The famous sentence in which he said that he
"would not take pains uselessly to reaffirm an ordinance of nature, nor to
reenact the will of God," was nothing but specious and brilliant rhetoric.
It was perfectly easy to employ slaves in California, if the people had not
prohibited it, and in New Mexico as well, even if there were no cotton nor
sugar nor rice plantations in either, and but little arable land in the
latter. There was a classic form of slave-labor possible in those
countries. Any school-boy could have reminded Mr.

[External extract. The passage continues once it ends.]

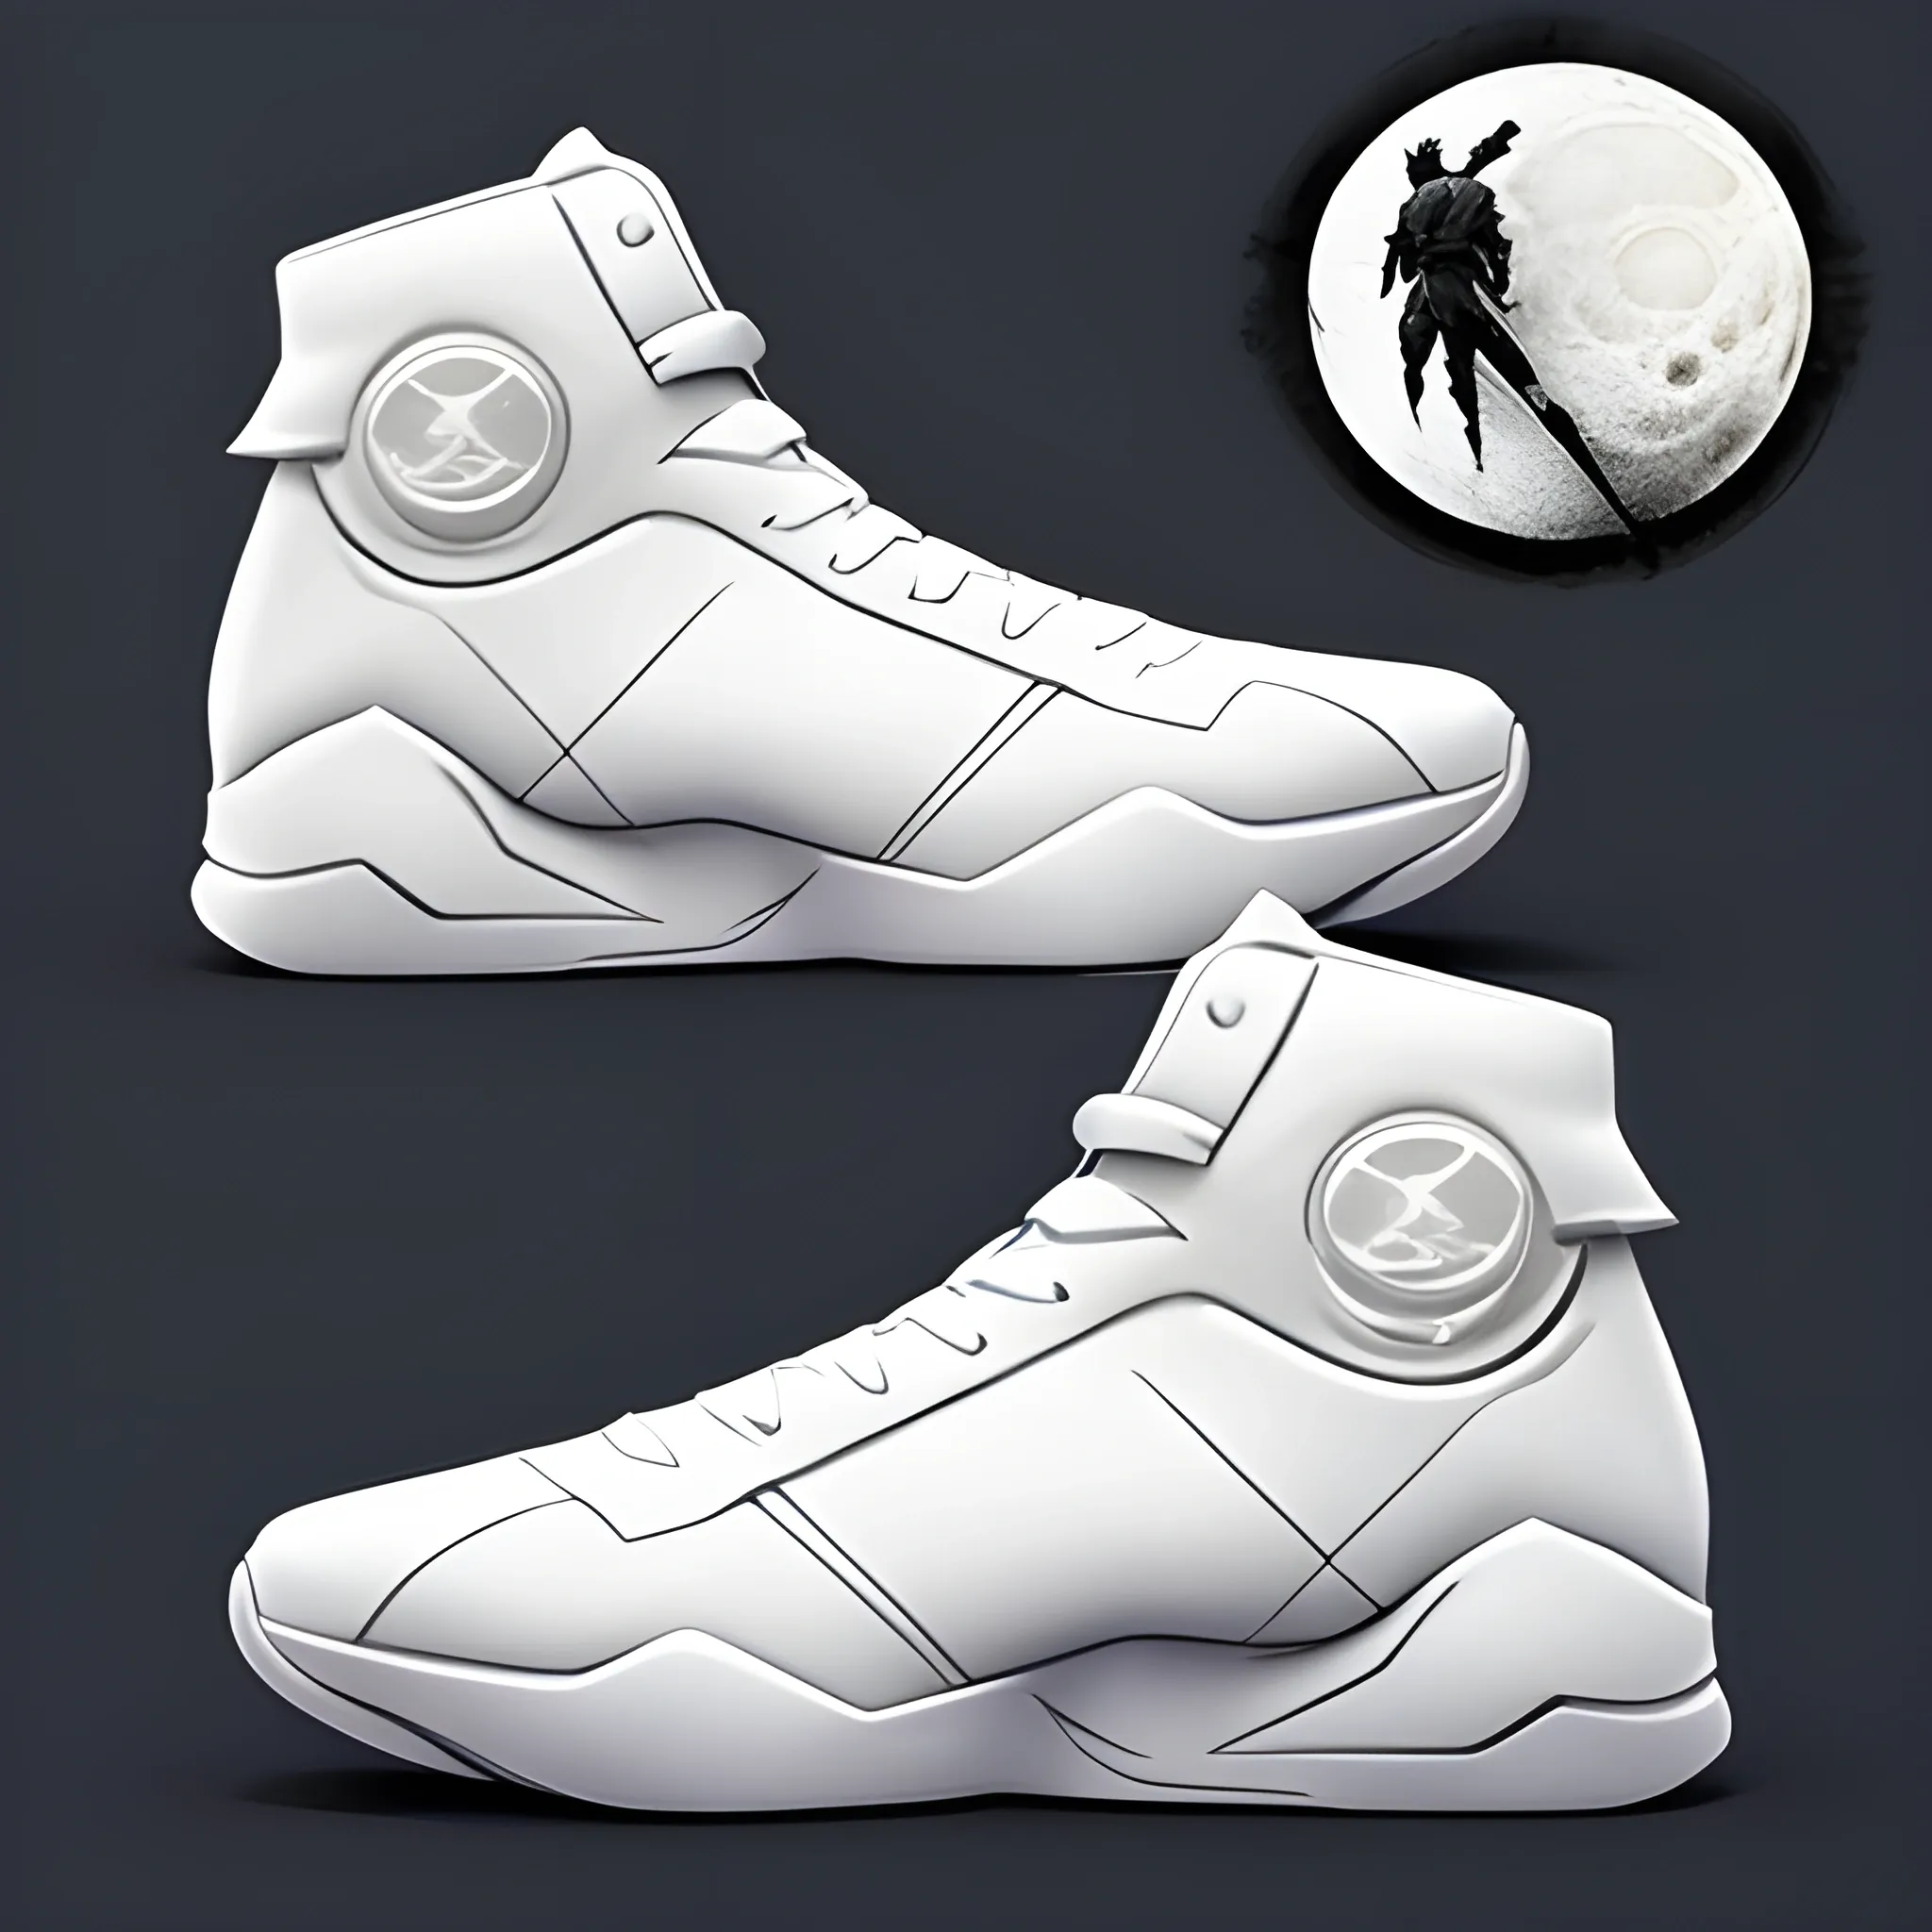 Concept Moon Knight sneakers, popular in art station, soft feeling, bloated, original, pure white, smooth, sharp focus

Webster of
"Seius whose eight hundred slaves
Sicken in Ilva's mines."
Mining was one of the oldest uses to which slave-labor had been applied,
and it still flourished in Siberia as the occupation of serfs and
criminals. Mr. Webster, of course, was not ignorant of this very obvious
fact; and that nature, therefore, instead of forbidding slave-labor in the
Mexican conquests, opened to it a new and almost unlimited field in a
region which is to-day one of the greatest mining countries in the world.
Still less could he have failed to know that this form of employment for
slaves was eagerly desired by the South; that the slave-holders fully
recognized their opportunity, announced their intention of taking
advantage of it, and were particularly indignant at the action of
California because it had closed to them this inviting field.